Eurozone Only Days Away From Collapse?

That’s what Wolfgang Münchau at The Financial Times says:

Technically, one can solve the problem even now, but the options are becoming more limited. The eurozone needs to take three decisions very shortly, with very little potential for the usual fudges.
First, the European Central Bank must agree a backstop of some kind, either an unlimited guarantee of a maximum bond spread, a backstop to the EFSF, in addition to dramatic measures to increase short-term liquidity for the banking sector. That would take care of the immediate bankruptcy threat.

The second measure is a firm timetable for a eurozone bond. The European Commission calls it a “stability bond”, surely a candidate for euphemism of the year. There are several proposals on the table. It does not matter what you call it. What matters is that it will be a joint-and-several liability of credible size. The insanity of cross-border national guarantees must come to an end. They are not a solution to the crisis. Those guarantees are now the main crisis propagator.

The third decision is a fiscal union. This would involve a partial loss of national sovereignty, and the creation of a credible institutional framework to deal with fiscal policy, and hopefully wider economic policy issues as well. The eurozone needs a treasury, properly staffed, not ad hoc co-ordination by the European Council over coffee and desert.

As Stephen Green notes, it’s hard to see Europeans ever agreeing to this, never mind agreeing to it anytime within the next two weeks, month, or however much longer they might actually have.

FILED UNDER: Economics and Business, Europe, World Politics, , , , , , ,
Doug Mataconis
About Doug Mataconis
Doug Mataconis held a B.A. in Political Science from Rutgers University and J.D. from George Mason University School of Law. He joined the staff of OTB in May 2010 and contributed a staggering 16,483 posts before his retirement in January 2020. He passed far too young in July 2021.


  1. Dave Schuler says:

    The insanity of this is that the German position is that the under-capitalized southern states should adjust their policies to be more like those of Germany. Their problem isn’t just one of policy. Greece was a Turkish colony until 180 years ago. Italy, Spain, and Portugal have similar stories.
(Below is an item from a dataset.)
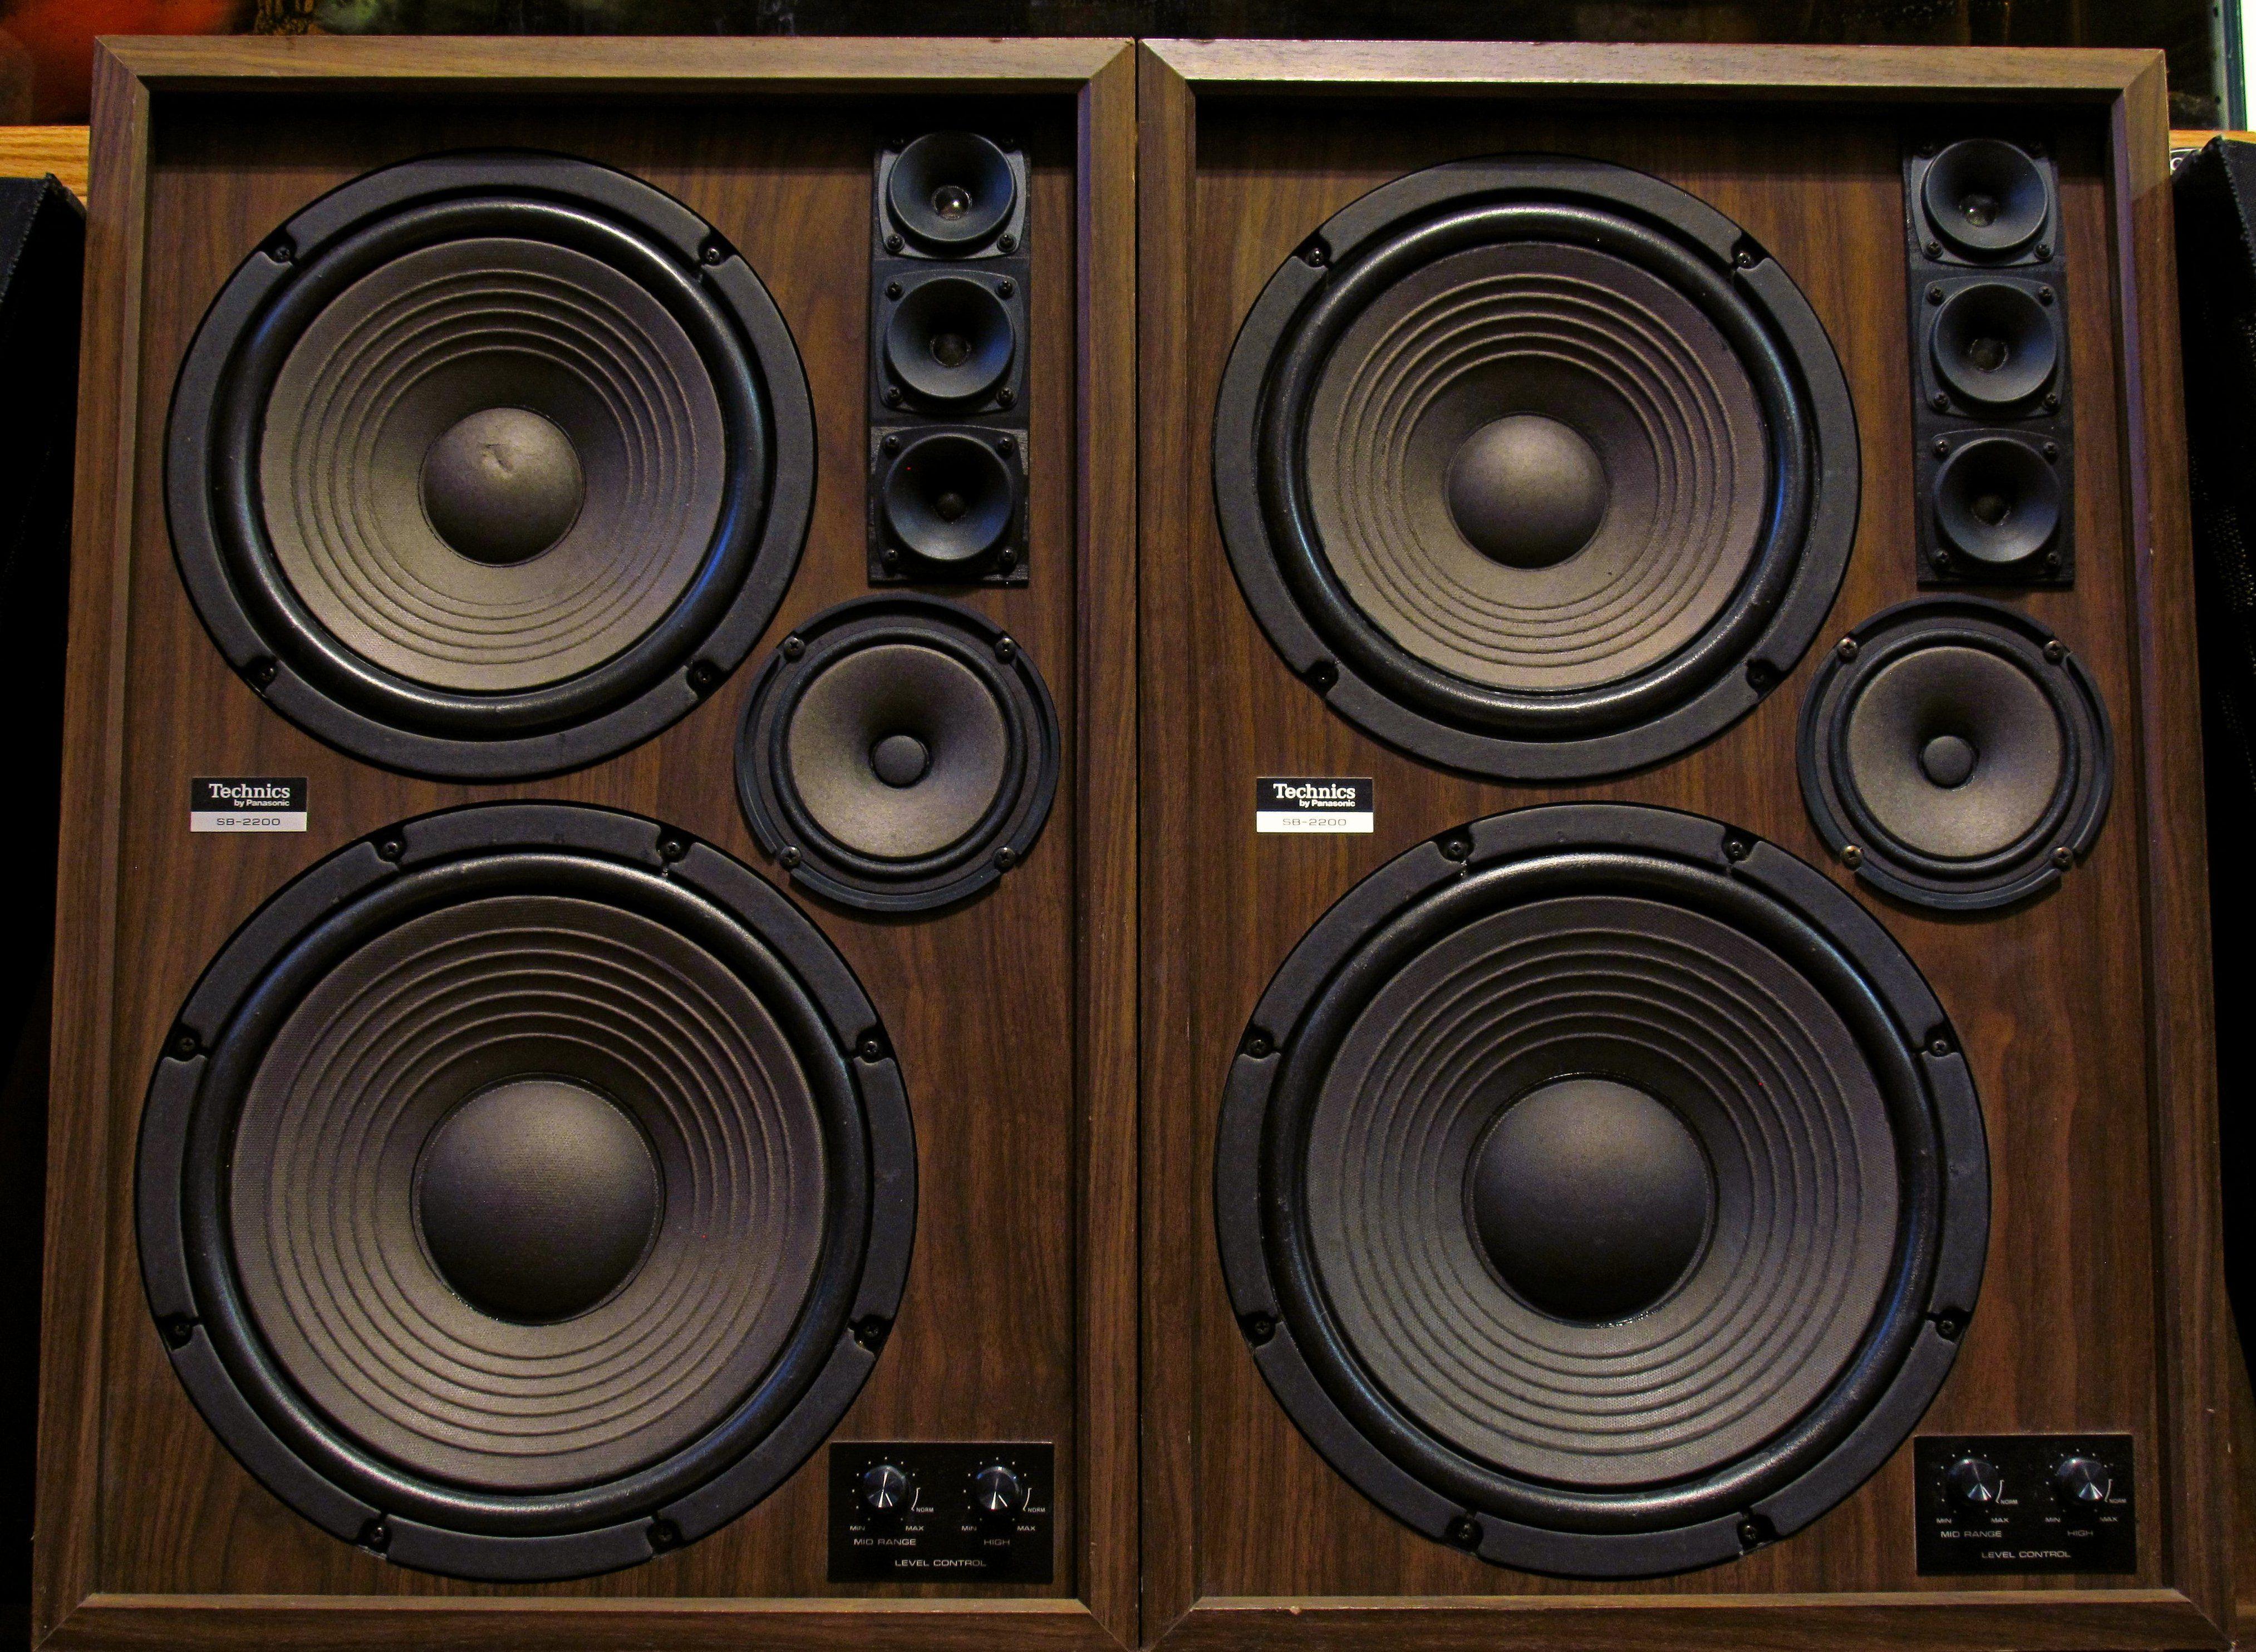 Technics By Panasonic Sb 2200 Speakers Vintage Speakers Hifi Audio Home Theater Sound System

    If a European fiscal union is to work the highly capitalized and developed states (like Germany) must agree to send a part of their GDP to the less capitalized and developed ones (like Greece), somewhat as California, New York, and Illinois send a portion of their GDPs to Wyoming and Mississippi. That’s what the Germans will never agree to.

  2. says:

    It seems to support my thought all along, that Europe has to either Federalize or become cleanly separate nations. They don’t get to have it both ways.

  3. The other thought that I’ve been tossing around lately in my admittedly amateur at analyzing Europe brain is this one — let’s say Europe somehow makes it through this. The cost will be borne most substantially by the Germans. One wonders what political concessions they might want in return.

  4. de stijl says:

    @Doug Mataconis:

    One wonders what political concessions they might want in return.

    Let’s hope it’s not living space ; – )

  5. Ben Wolf says:

    @Doug Mataconis:

    The cost will be borne most substantially by the Germans.

    . Shouldn’t they? Germany was also the primary beneficiary of the EMU as they spent 2001-2005 violating the Maastricht Treaty via illegal levels of deifict spending to boost their economy, and using their position to force a trade imbalance on southern Europe. At every step since the Greek crisis began last year Germany has made the situation worse by unending quest to bail out its banks.

    I don’t feel sorry for the German eurobosses; the German people are the only ones for whom I have any sympathy, but then they should have done a better job of reigning in their politicians.

  6. Ben,

    As someone who thought the whole European “unity but not really unity” plan was doomed from the start, I’ve got to say there are a lot of guilty players here. The Greek economy for one is simply unsustainable and I don’t blame the Germans or the French for imposing conditions for additional aid.

  7. Fiscal union is not the solution. It may work in continental countries because there is a large immigration between the states/provinces and because there are several limitations to the power of these political divisions.

    That´s not the case of Europe.

  8. Ben Wolf says:

    @Doug Mataconis:

    The Greek economy for one is simply unsustainable and I don’t blame the Germans or the French for imposing conditions for additional aid.

    The problem is the “aid” won’t help. The Greek economy is contracting faster than its rulers can cut spending and the additional taxes being proposed will only make this situation worse. Greece’s debt has exploded since it enacted austerity measures demanded by the EMU core nations. Germany isn’t doing what it’s doing because it will help the Greeks, it’s doing it to protect German banks from the consequences of Greece’s necessary default. As for France, just wait a few weeks: they’ll end up in Germany’s crosshairs soon enough.

  9. @Ben Wolf:

    That’s exactly my point. Financial “union” without political (and cultural) unity is doomed to fail at some point.

  10. Ben Wolf says:

    @Doug Mataconis: Well you’re damned point is 100% correct.

  11. Ben Wolf says:

    Christ, my spelling sucks today. I’m forced to beg forgiveness.